ON this day a decade ago, August 23 2008, James DeGale won Olympic gold. It had been eight years since GB had last had a boxer at the top of the podium at an Olympic Games, though in later years a gold rush followed, with Nicola Adams, Luke Campbell and Anthony Joshua all triumphing at the Olympics.
For DeGale it was the start of a journey that would see him become the first boxer to win Olympic gold for GB and then win a professional world title. “Where has the 10 years gone?” he wonders. “It’s been a decade since my Olympic gold medal. I remember turning pro and Jim [McDonnell, his trainer] saying your career goes like that, literally. I don’t know where the 10 years has gone. It’s been a good journey, there’s been some ups and downs.”

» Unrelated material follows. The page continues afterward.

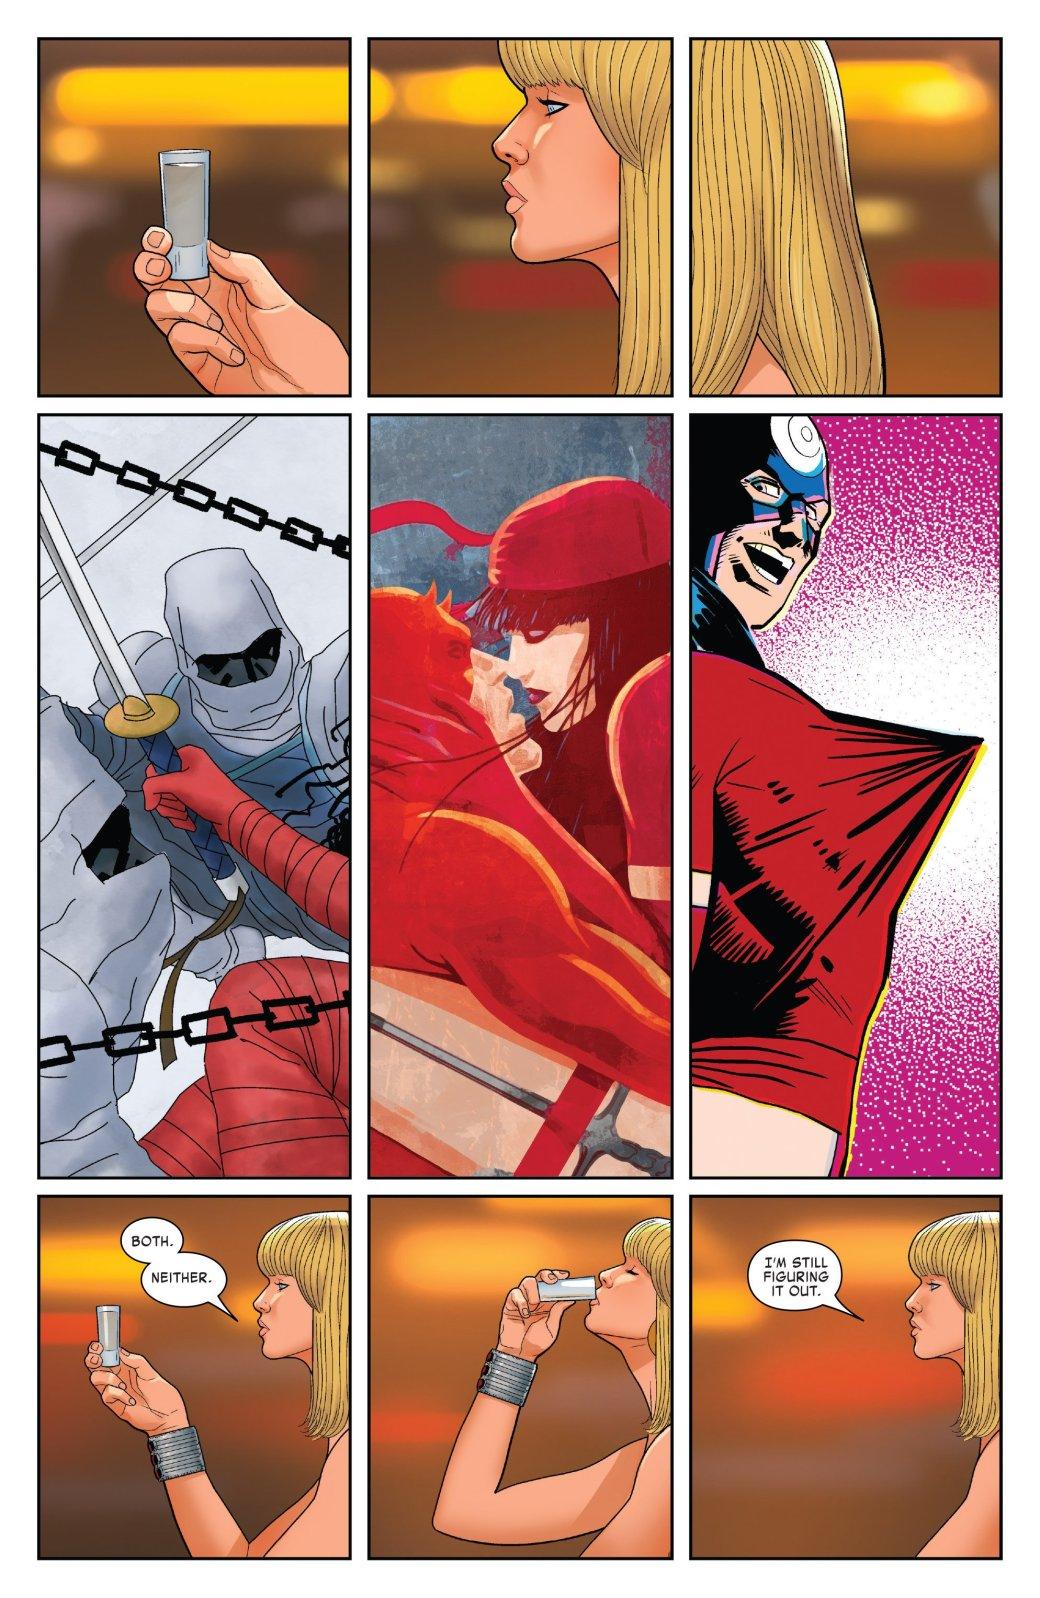 В новом комиксе Marvel Электра пытается найти себя | Канобу - Изображение 7061

“I’m a 22 year old boy from Harlesden, I’m thinking what’s happening here. We flew back, we had a big media day when we landed. I couldn’t deal with it, cameras shoved in your face, interviews, everyone wanted five minutes of your time. I wasn’t used to it. Even as an amateur, I boxed for Great Britain [but] I wasn’t one of the golden boys, it was Frankie Gavin, David Price. They got more media attention,” he said of the moment his life changed. “Turning pro and getting booed on my professional debut and then turning everything around.”

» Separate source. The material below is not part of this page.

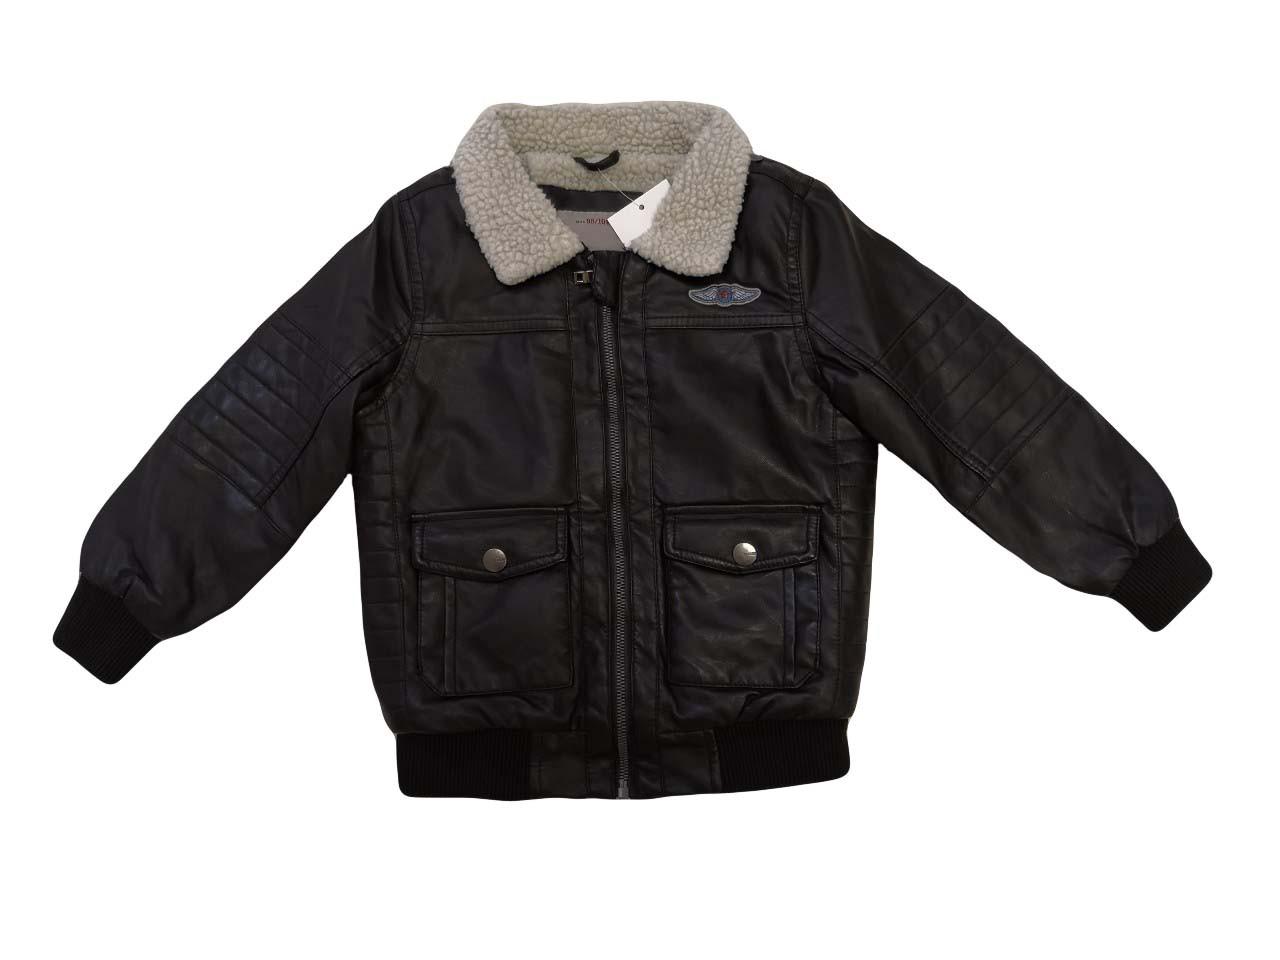 Куртки кожзам на меху для мальчиков оптом, размеры 92-122/128  Glo-story, арт. ВPY-4425

He won the British title early on his career but would lose to arch-rival George Groves. “I lost to Groves and that next year and a half, two years, the rebuild, the building back up, it was difficult. And I changed promoters, I was boxing on Channel Five. People were giving me stick for that. I was boxing on terrestrial telly and people were still giving me stick. Signed with Eddie Hearn, had a couple of fights, quality fights with Brandon Gonzalez, looked quality there and then [Marco Antonio] Periban,” he recalled.
He worked his way to a mandatory position and fought Andre Dirrell for the IBF super-middleweight title in Boston. “I got my chance. I got a chance against a real good fighter. It weren’t just someone, it was a quality fighter. Someone that’s been in the ring with [Carl] Froch. He had an argument that he beat Froch. Abraham, he’s been in and a beat a lot of good quality fighters. Good pedigree, Andre Dirrell and I probably don’t get the credit there, beating Andre Dirrell for the world title,” DeGale said. “This Brit was going abroad and he’s fighting for a world title. Our Olympic champion, he’s going away, he’s ready, he’s fit, he’s going to do it for our country.”
He won the title craved, and something more. “People started giving me respect – ‘he’s cocky but he’s good’ – was after I won my world title,” DeGale said. “People say I’m arrogant. It’s confidence. I’m confident in my own ability.
“I honestly do believe on my day people will find it hard to beat me.”
“I always knew that I was going to be world champion. That’s every boy’s dream, becoming world champion. Those four world titles, everyone dreams about lifting one of them,” he continued. “That night in Boston was great.”
He returned to London and was just watching at the O2, sitting ringside, the camera focused on him. The arena erupted with cheers. He had gone from being booed on his debut to being celebrated in his hometown. “I was sitting there and they put the camera on me and there was a massive roar around the arena,” he smiled. “I was like what? This is for me?
“I was surprised. I didn’t realise that the camera was on me. The boxing public can sometimes be cruel, a bit harsh. But I think deep down they respect me as a fighter and what I’ve done and what I’ve achieved.”
There were further twists in the tale. After a sequence of hard fights in America he lost his title in a homecoming bout in London, only to become a two-time world champion when he took a revenge win over Caleb Truax in Las Vegas.
The story isn’t over yet. DeGale’s next move will be announced soon. “I’m normal boy from north west London. Harlesden, the ghetto, 15 years ago that was the knife capital of London,” he said. “I’ve done well, I’ve got a good family around me and I’m happy with it. I’m happy with what I’ve done.”